In Montreal, they just let it pile up. Fuck it, it's never going to stop snowing. What's the point? It's snow. People can handle it. It builds up, hundreds of feet trudge over it and mash it to a grey-blue paste. Sure, it's lots of work and you need boots, but at least you have traction.
It was Bee, of course, who spotted the place on our third pass. Martin Picard's fat-soaked shrine of excess, glowing like a hearth in the miserable night.
I'm not sure where else you can get a whole pig's head roasted in duck fat with a lobster exploding out of its mouth. Though all the plates served up at PDC tend to be over-the-top, not all are as extreme as the "pig's head for two." A dish so outside the sphere of common sense and, dare I say, decency, begs the question: "is this really necessary?" I think Bee, who was not as excited as I to spend an evening at PDC, was a bit more concerned with this question at the outset. Our experience there was so comforting and joyful that the place made believers out of us both by the end of the evening.
Of course it's not necessary, like so much in human life that comforts us in our weakness or helps us transcend the bare facticity of a "short life of trouble." While a bowl of gruel satisfies hunger, a grilled cheese filled with black truffles and goat cheese then soaked in maple syrup and butter transforms your mouth into a vaulted expanse strewn with auroras of sweet creaminess and damp wafts of earth.
I definitely can't afford to sup like that often (even though PDC prices are quite reasonable), but every now and then it stretches one's sense of the possibilities in the kitchen and can make one a more thoughtful and inventive cook.

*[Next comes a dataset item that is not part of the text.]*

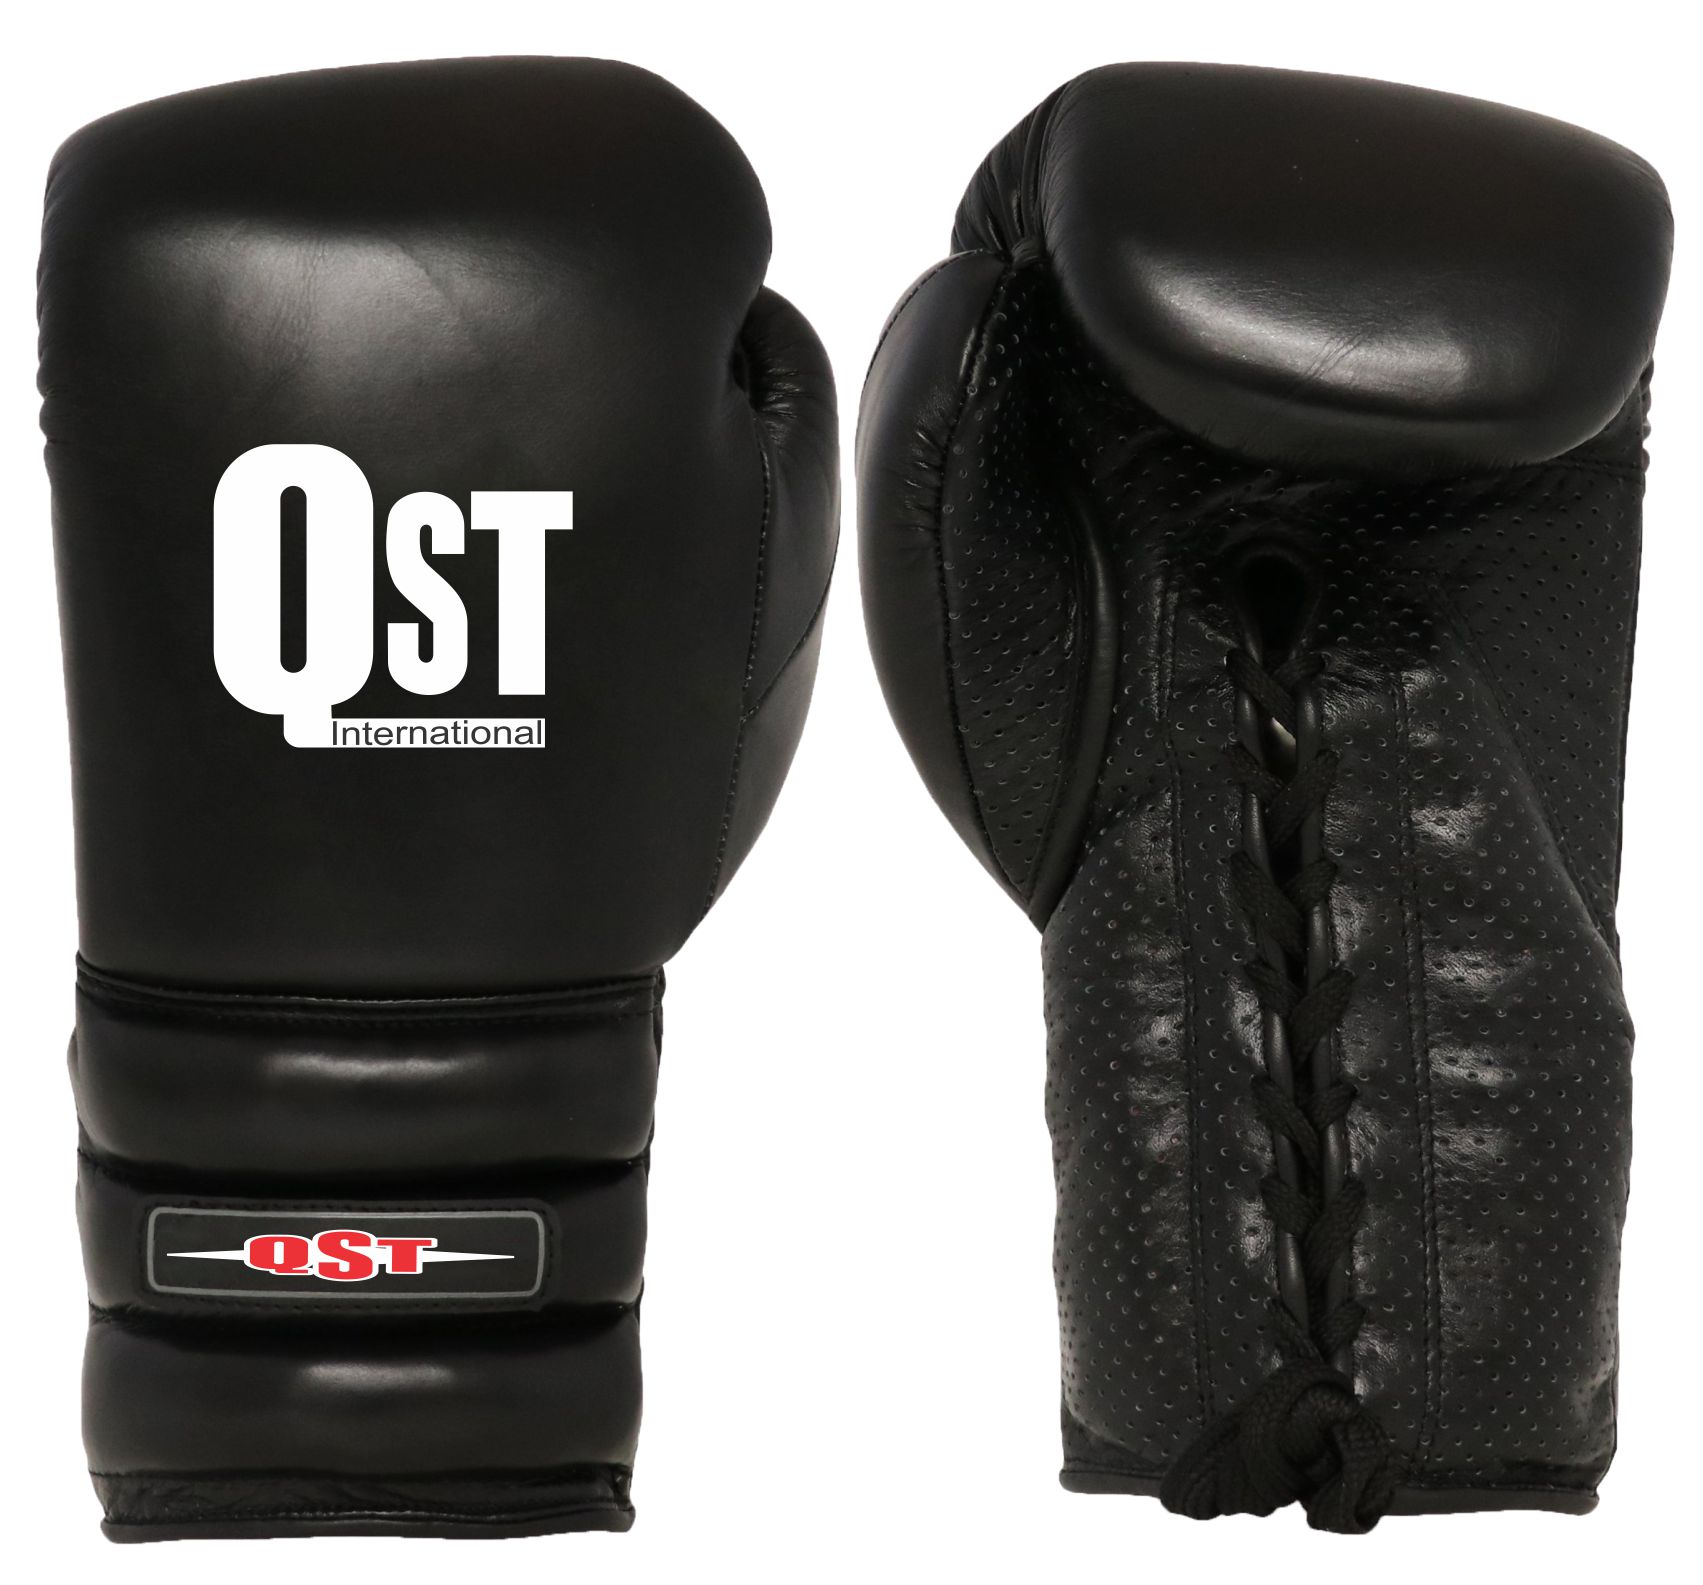 Lace up Boxing Gloves - PRG-3257

While a quiet room with a cushion and blank walls may do the trick when one is in need of a place for focus and devotion, an hour in Notre-Dame puts the strivings of the human heart in a whole new perspective.
In its slant toward the heavy and extreme, the food at PDC is no anomaly on the Montreal food scene. The preposterous winter weather is a backdrop against which it is easy to see how a cuisine of such baroque proportions might have developed. It's not just a French or English response to the harsh conditions of the frontier. Adam Leith Gollner's fantastic essay on the history of gluttony in Quebec (Lucky Peach #11) traces the tendency to overstuff back to the indigenous people of the region and their feasts celebrating the available bounty.

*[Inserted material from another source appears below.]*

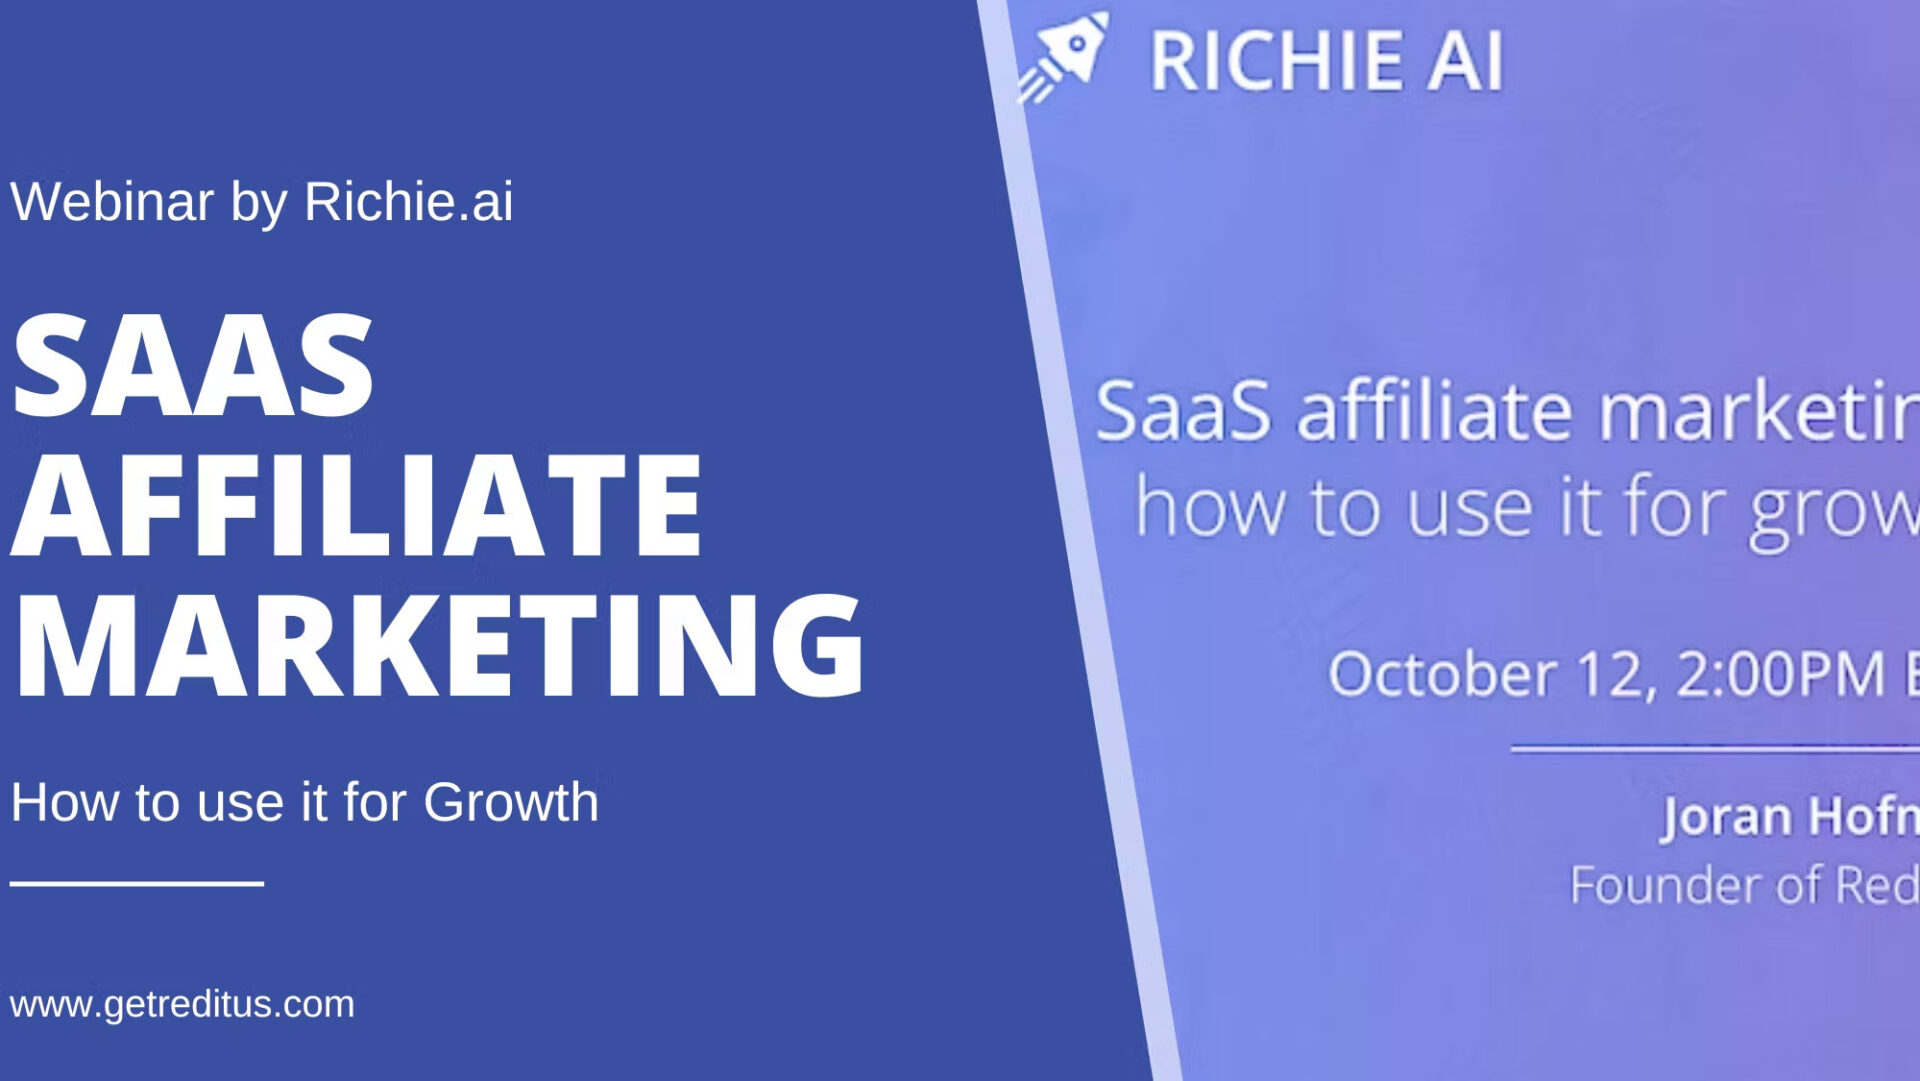 https://www.getreditus.com/blog/saas-affiliate-marketing-how-to-use-it-for-growth/

In addition to our grilled cheese sandwich, we ate slices of nutty housemade prosciutto (as good as any Italian product I have tried).

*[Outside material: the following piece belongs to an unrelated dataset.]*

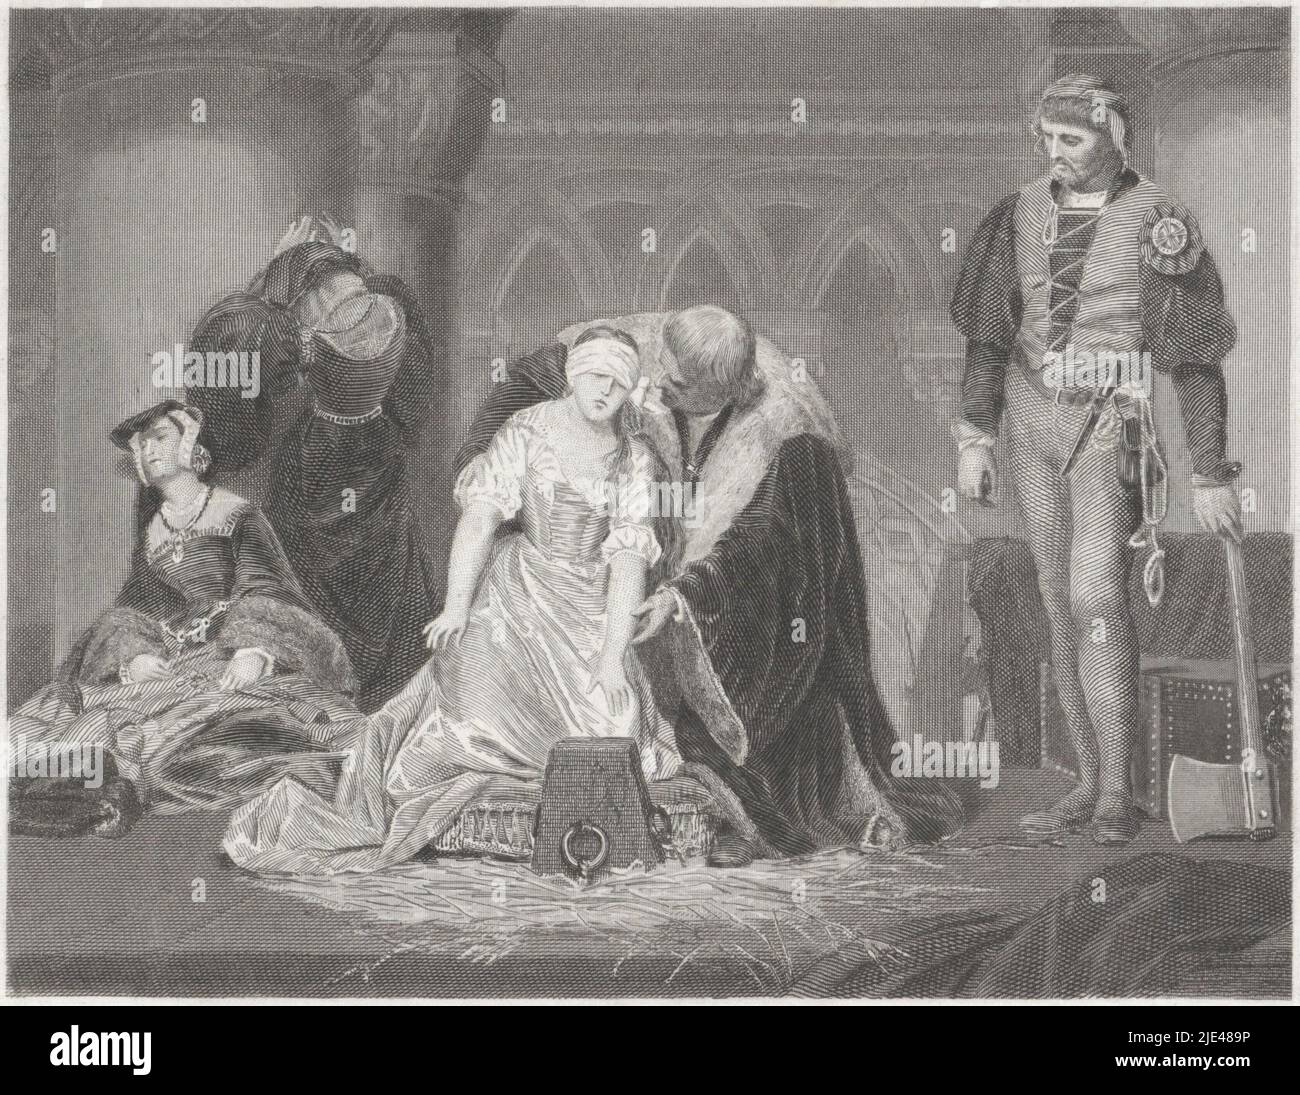 The execution of Lady Jane Grey, Dirk Jurriaan Sluyter (possibly), after Paul Delaroche, 1833 - 1886, Lady Jane Grey is on her knees on a cushion. She is blindfolded and groping forward with her hands. In front of her is a chopping block. A man wearing a rich, fur-trimmed cloak bends over her. Next to her, the executioner stands ready with an axe. In the background two weeping women., print maker: Dirk Jurriaan Sluyter, (possibly), print maker: Christiaan Lodewijk van Kesteren, (possibly), after: Paul Delaroche, Amsterdam, 1833 - 1886, paper, etching, engraving, h 126 mm × w 177 mm Stock Photo

There was also a creamy pot of fresh gnocchi with sausage and, of course, the famous PDC poutine topped with lobes of silky foie gras.
We had a couple glasses of the crisp house beer and topped everything off with coffee and small glasses of Amaro Montenegro. The service was impeccable and kind. One of the staff dribbled wine on a customer and immediately grabbed a bottle of whiskey and poured shots which the two drank together, a particularly tactful apology if I've ever seen one. The place was warm, gently lit. The staff was drinking the whole time. Not hiding it. The kitchen was raucous, but no one was sloppy. Good cheer prevailed. Even the drunk American at the bar who was quite sloppy was embraced with tolerance and warmth. It was one of the best times I have ever had in a restaurant, more of an event than a meal. We were full, but not sick. We left feeling comfortable, bolstered against the cold and the long night.